[FFmpeg-user] volume normalization: loudnorm versus replaygain; which is better?

Tue Aug 2 18:47:33 EEST 2022

When I record videos with my phone (a Google Pixel 6), the audio track
of those videos tends to be too quiet, especially if I recorded in a
quiet environment.  I want to normalize the volume of those videos
when I play them.

I see basically two ways to do this:

1.  Rewrite the audio track of the video to normalize its loudness.

2.  Calculate the ReplayGain of the audio track of the video and embed
    the ReplayGain information as metadata, so devices that play back
    the video will find the ReplayGain tags and normalize the volume
    for playback.

Accomplishing #1 with ffmpeg is easy:

$ ffmpeg -i too-quiet.mp4 -filter:a loudnorm -vcodec copy better.mp4

But: is this the best approach?

Because in the audio world, the preferred way to handle variable
loudness of songs (e.g., if you are ripping old CDs) is to apply
ReplayGain tags.  This leaves the original audio intact, and just
applies volume correction at playback.  The majority of players
recognize and obey ReplayGain tags.

To me, it feels like the ReplayGain strategy is better than rewriting
the original audio, for at least two reasons:

1. Re-encoding the audio track is going to introduce additional loss.

2. If, say, subsequent improvements are made to the loudnorm filter,
   unless I retain a copy of the original (unmodified) video, I can’t
   go back and re-apply the new-and-improved loudnorm filter, because
   I destroyed the original audio track the first time I applied it.

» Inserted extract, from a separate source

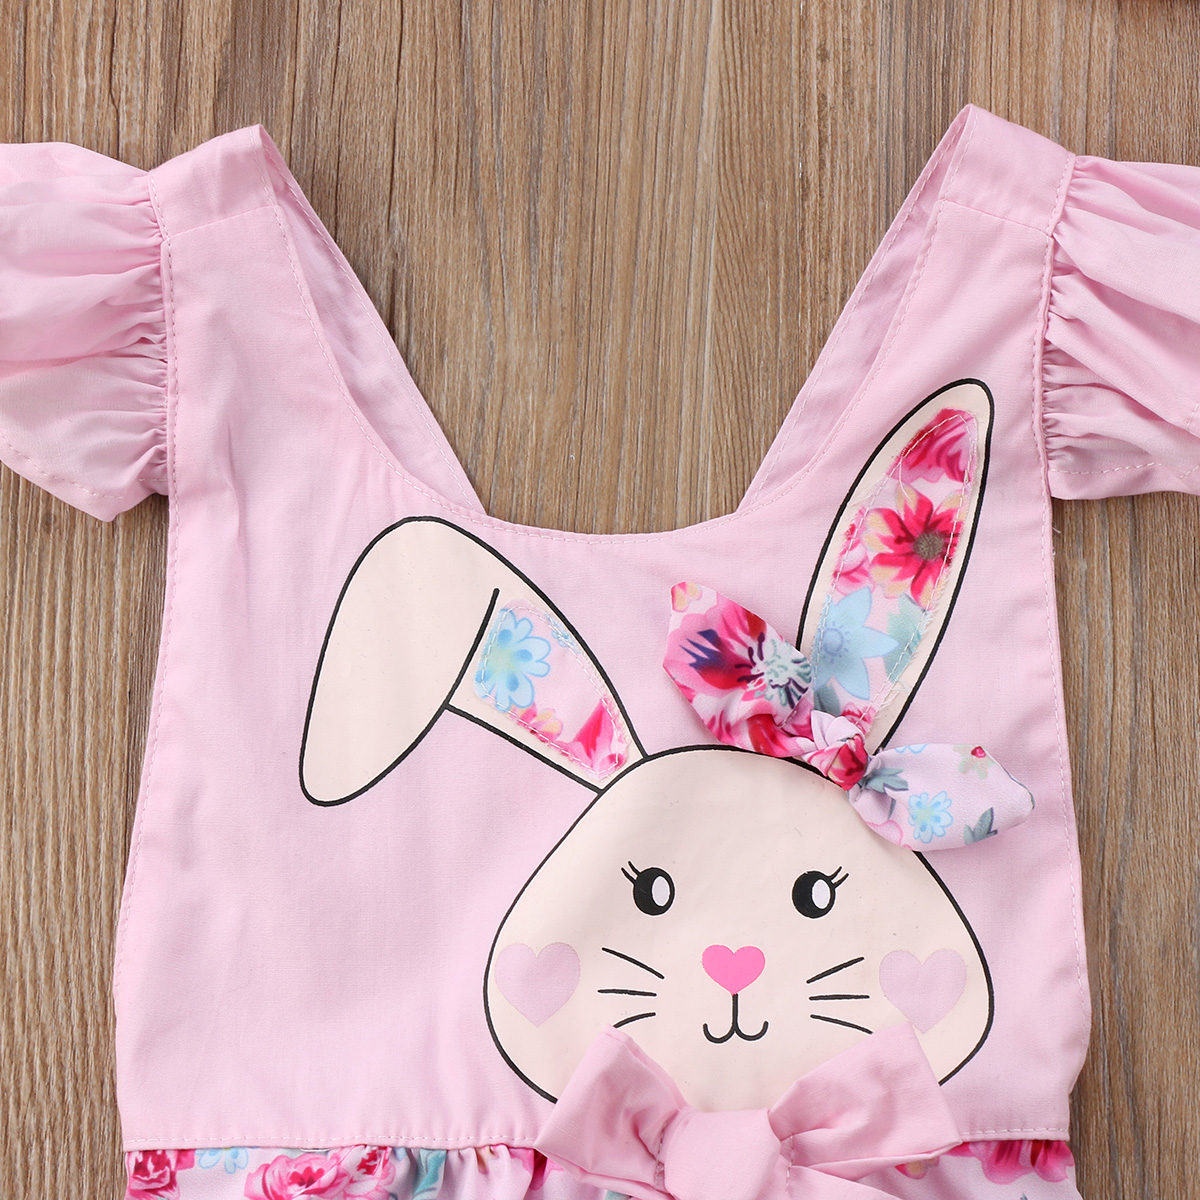 6008dd4e4d63 2018 New Easter Floral Romper Newborn Baby Girl Bunny Romper Flying ...

If I wanted to use the ReplayGain approach, the calculate part is
easy:

$ ffmpeg -i too-quiet.mp4 -c:v copy -af replaygain foo.mp4
…
[Parsed_replaygain_0 @ 0x55dc42d5c940] track_gain = +45.88 dB
[Parsed_replaygain_0 @ 0x55dc42d5c940] track_peak = 0.021767

But it’s not clear to me from the ffmpeg documentation how I would
actually *add* the ReplayGain metadata to the audio track of the video
once I have calculated it.

And it’s also not clear to me whether this approach would actually
work in the real world.  If the majority of video playback devices
(e.g. smartphones) and software (e.g. social media sites) ignore
ReplayGain metadata tags in the audio tracks of videos, then while
this approach might be the best from a audio purist perspective, it
won’t have the practical effect of making a quiet video playback at a
normalized volume.

I can’t be the only person to have encountered this situation.  Is
there currently a “best practices” for audio track loudness
normalization in the video world?  Will using the ReplayGain metadata
work?  Or should I just give up and use the loudnorm filter for now,
and save the original videos so that when ReplayGain metadata is
better supported, I can go back and just add ReplayGain metadata to
the original videos and discard the versions that I created with the
loudnorm filter?

Thanks in advance for any advice!